It’s an amazing story - and we’re excited to introduce you to the wines of young Gaëtan Gillet - who at the age of 22 became Champagne’s youngest winemaker ever when he launched his operations back in 2010. Gaëtan is one of the most enterprising young men you’d ever meet. While attending viticulture & winemaking school in Avize (the big Vit school for the Champagne region), with a loan from his parents he bought the ruins of the old Avize town hall, built in 1837. He and a buddy renovated and restored the building themselves and moved into it, and then began renting rooms to other students from the Viti in Avize. With the money he earned from renting rooms, he was able to launch his own tiny negociant operation when he graduated in 2010.
While in school he parlayed his internships with top producers in the Côte des Blancs into great connections for purchasing grapes, and with the 2010 harvest Champagne MOST was born. He says he chose the name because it simply conveys the luxury image the Champagne enjoys, and he didn’t want to put his name on a label just yet. He borrowed space in wineries of various friends, and made some beautiful wines right out of the gate. He then devised to sell his wines at one of the most popular Christmas markets in Paris, and went on to practically sell-out the entirety of his first cuvée in the weeks leading up to to the
holidays in 2013. With the profits earned from selling that first cuvée, and subsequent Christmas market sales the following years, he was able to start purchasing minuscule vineyard parcels in the Grand Cru villages of Cramant, Avize, Oger, Vertus, and
Mesnil-sur-Oger. He now has nine tiny parcels that all together add up to just one hectare - about 2.5 acres.
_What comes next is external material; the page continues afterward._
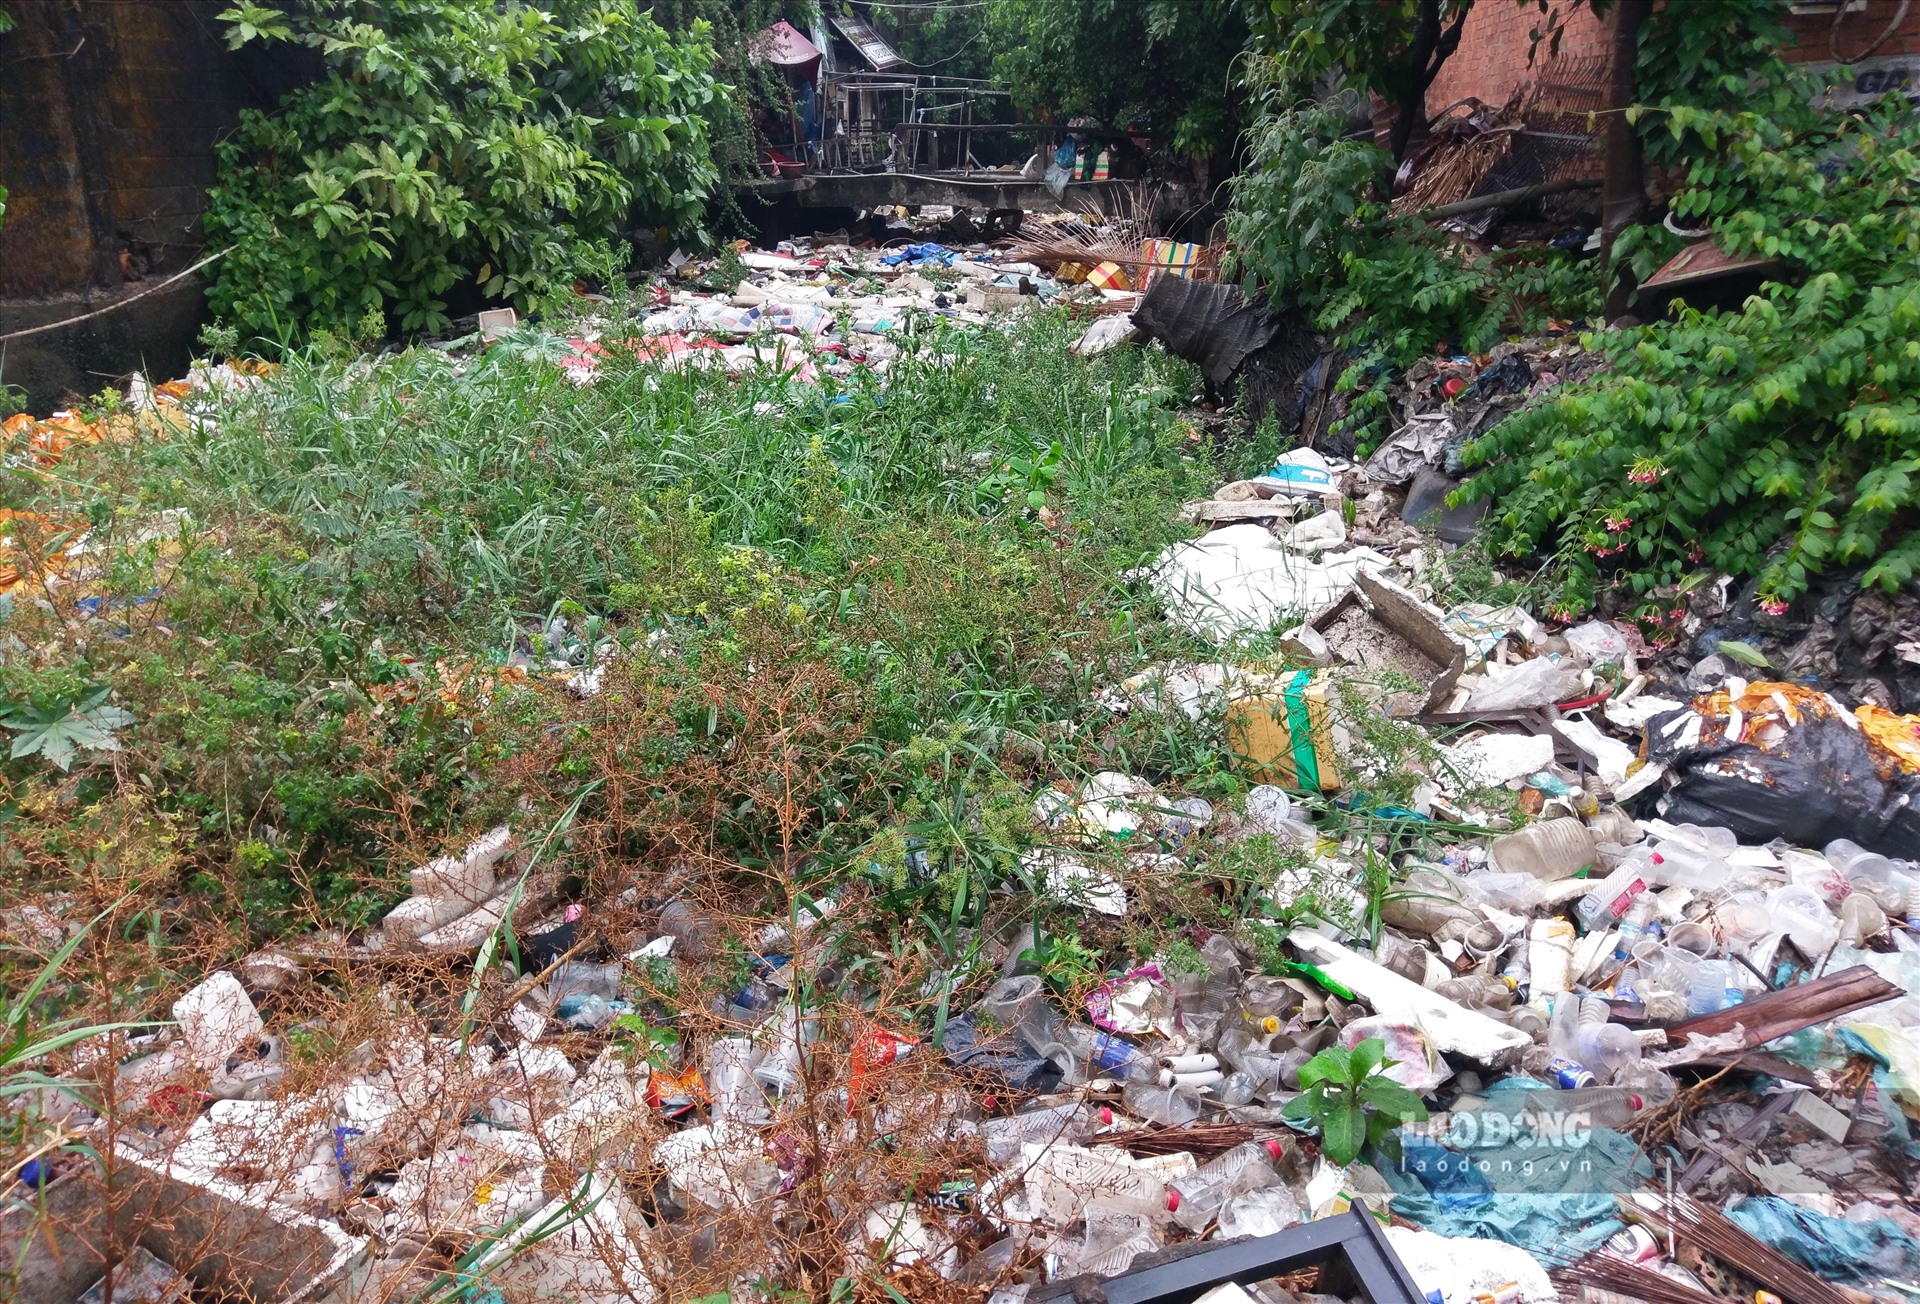 Bà Hoành Thị Lài, đã hơn 20 năm sống tại khu vực này, cho biết rác ngập kín kênh hơn 6 tháng nay nhưng không thấy nhân viên vệ sinh môi trường đến khơi thông. Ảnh: Minh Quân
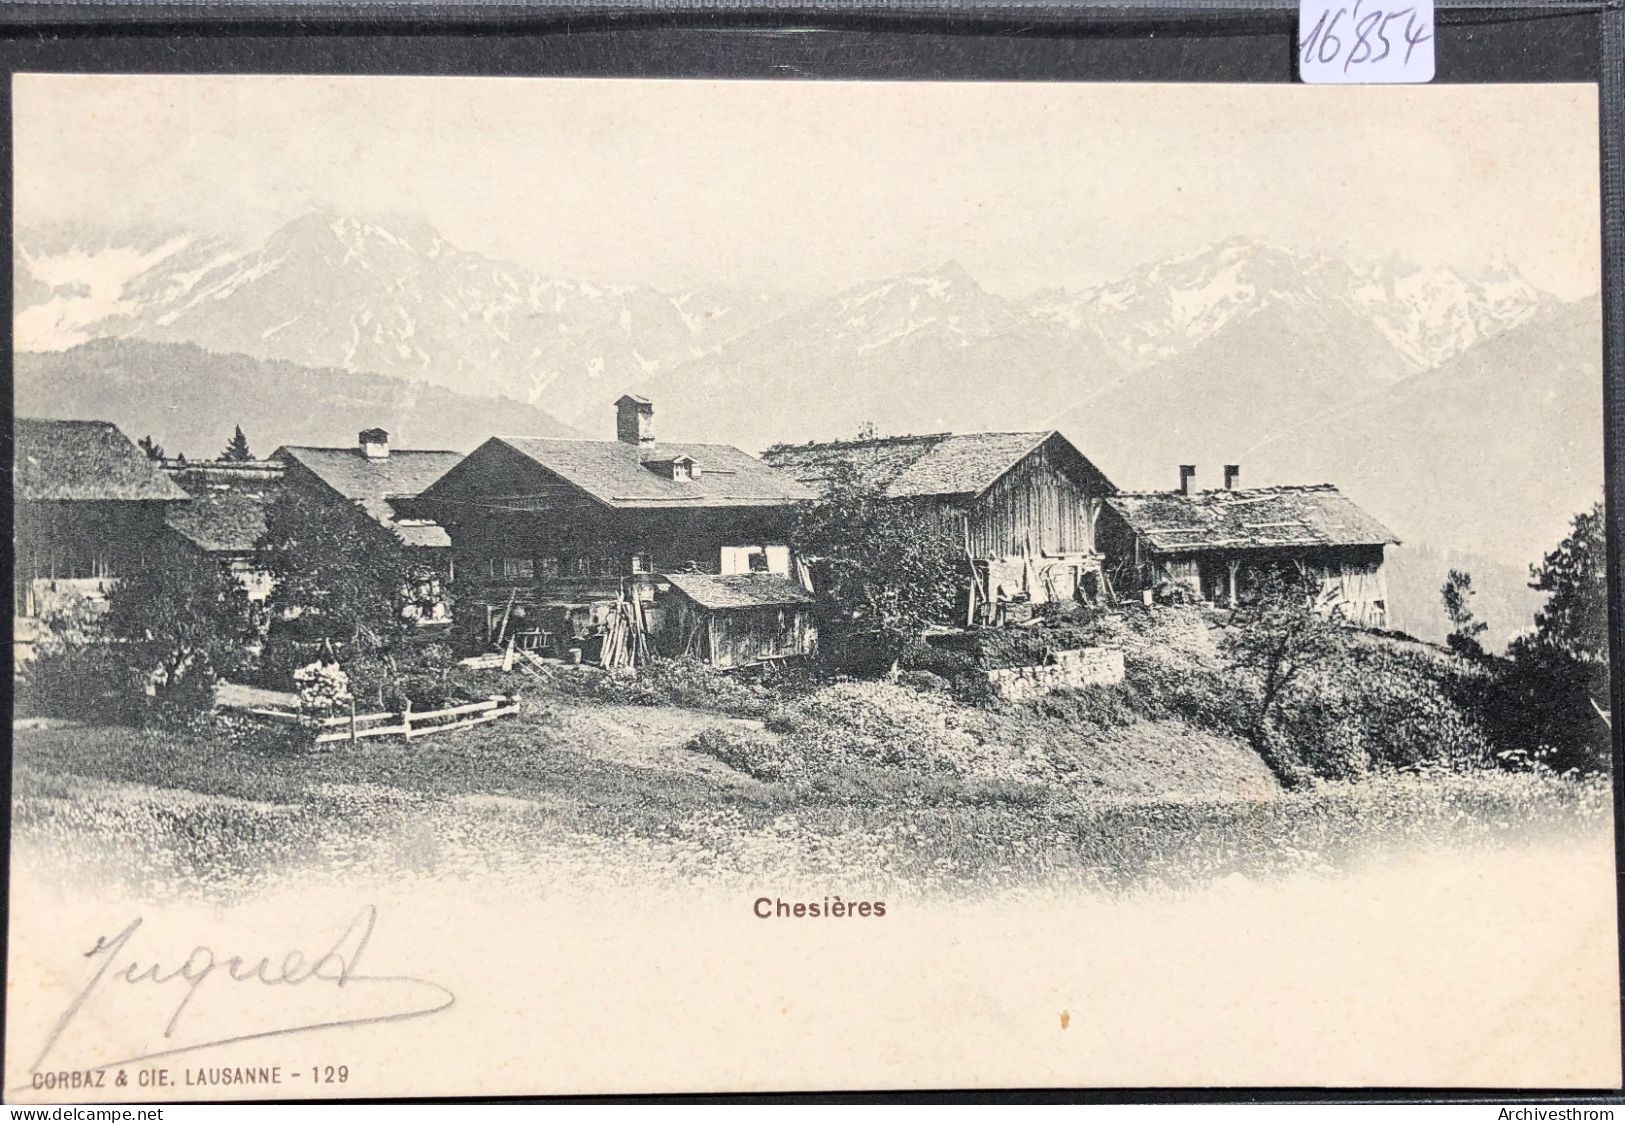 Chesières (Vaud) - Les Premiers Chalets, Vers 1903 (16'854) - Ollon

Going forward, the brand MOST will continue as a small negociant label for wines he makes from purchased grapes, but the focus will be on his new, not-yet named brand for the wines from his estate parcels. There will be two wines from the ’13 vintage, eight different wines from 2014, and from ’15 there will be nine different wines under the new label - all single parcel wines, all vinified 100% in barrel, all fermented with wild yeasts, and all with minimal dosage. The wines will be released after several years in the bottle - typically 5-7 years on the lees.